Data shown >>
Content starts

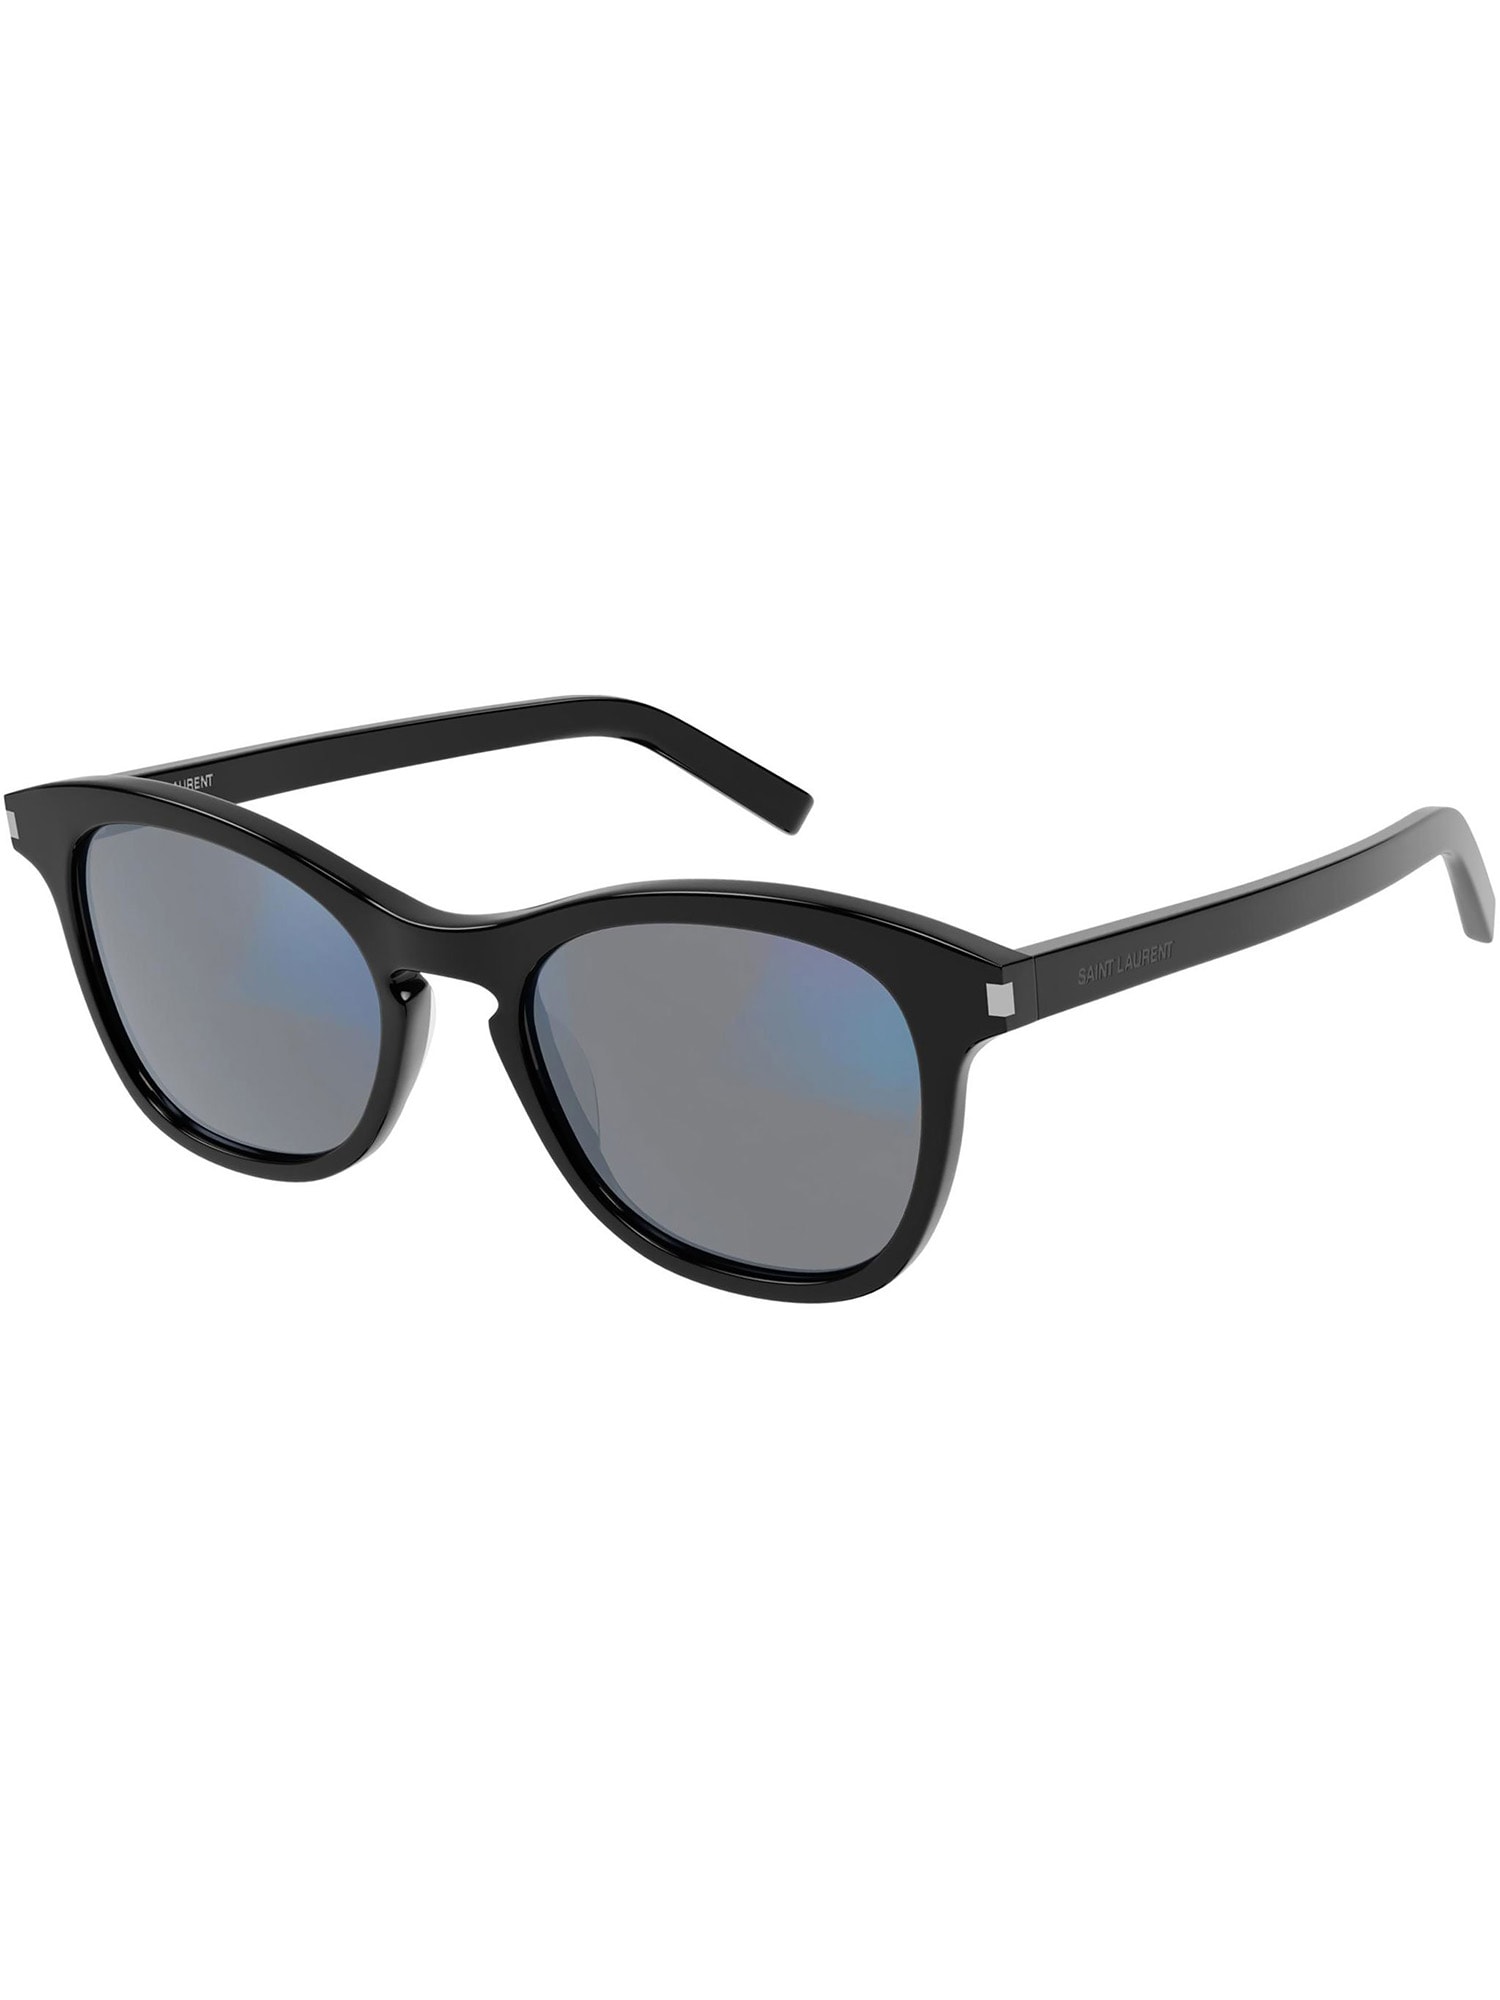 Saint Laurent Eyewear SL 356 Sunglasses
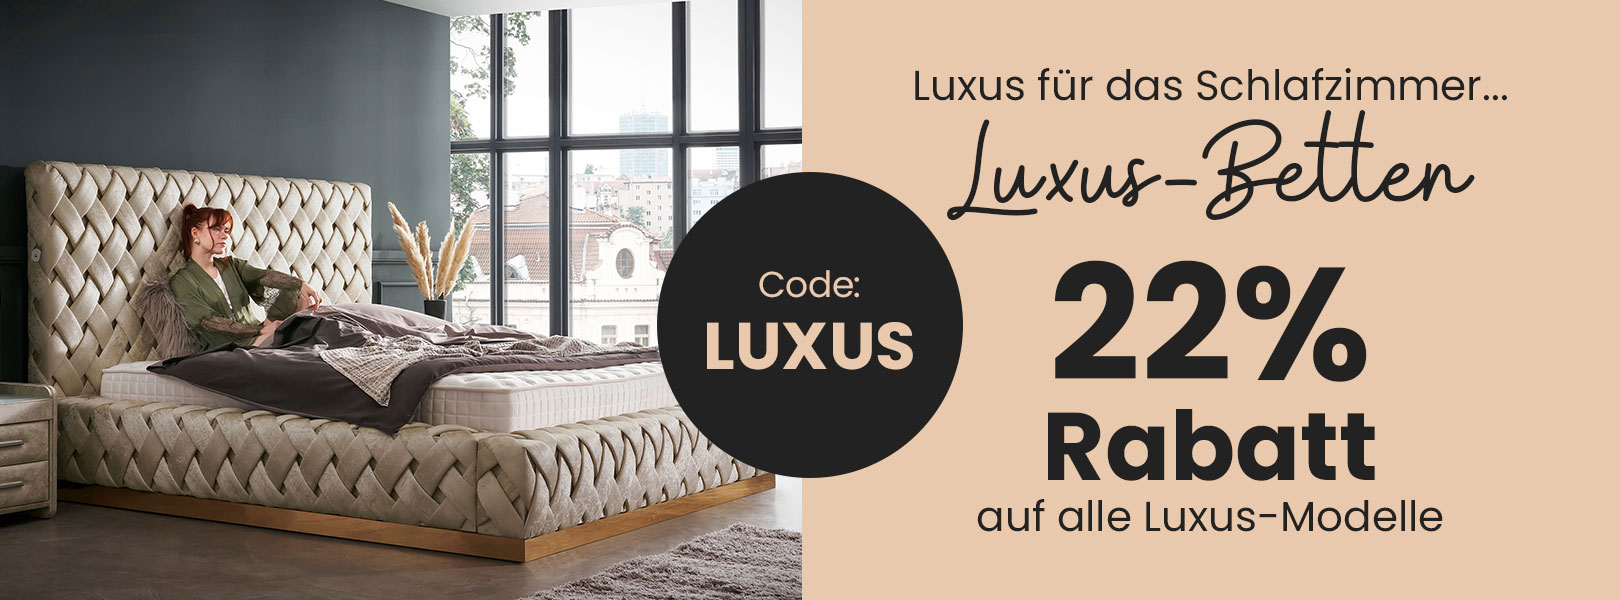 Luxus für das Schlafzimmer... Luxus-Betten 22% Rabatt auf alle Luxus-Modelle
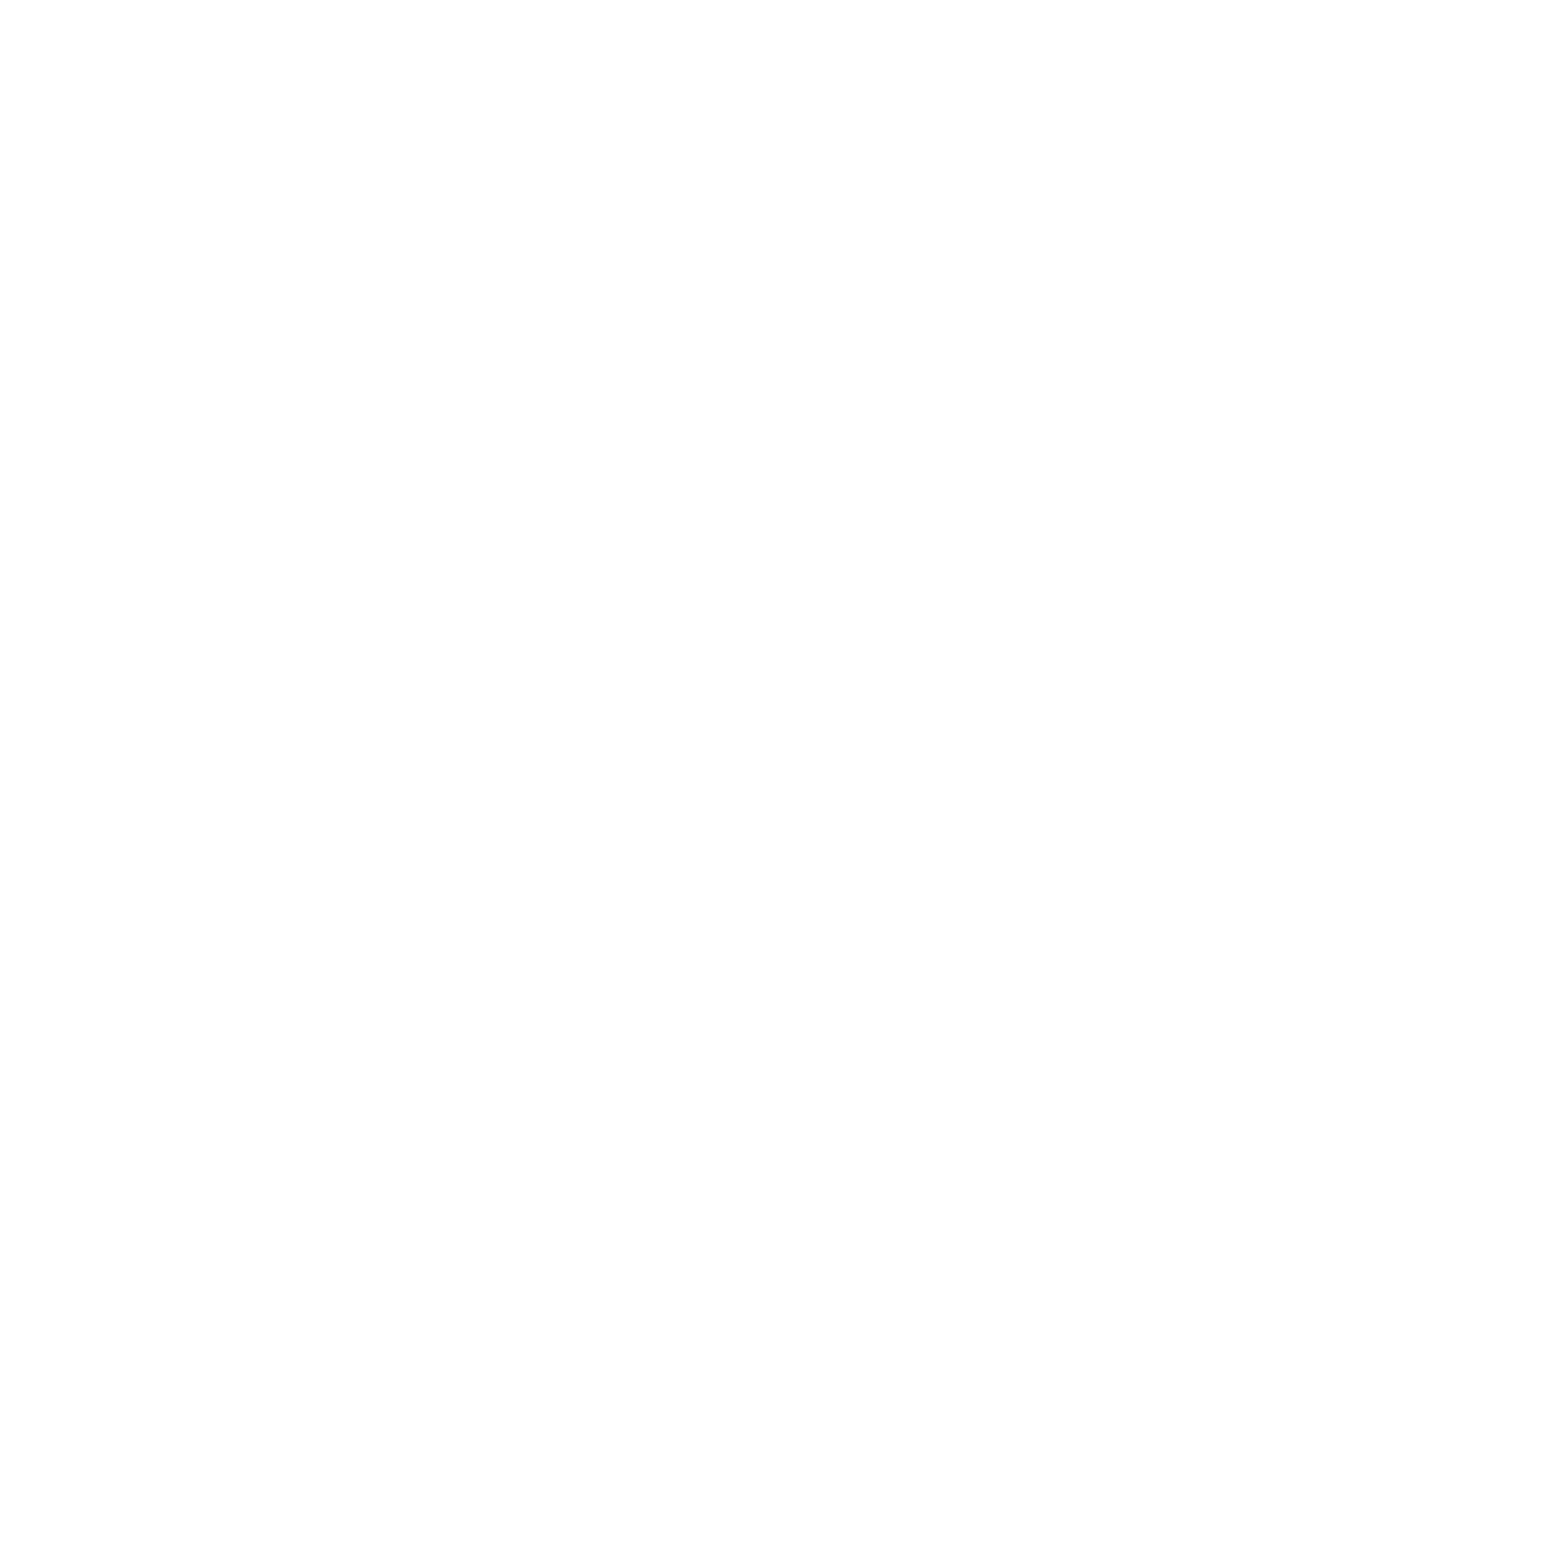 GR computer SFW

Content ends

Task >>
Since pictures are not part of the copy, set down only the remaining data exactly.

Expected answer >>
 Saint Laurent Eyewear SL 356 Sunglasses
 Luxus für das Schlafzimmer... Luxus-Betten 22% Rabatt auf alle Luxus-Modelle
 GR computer SFW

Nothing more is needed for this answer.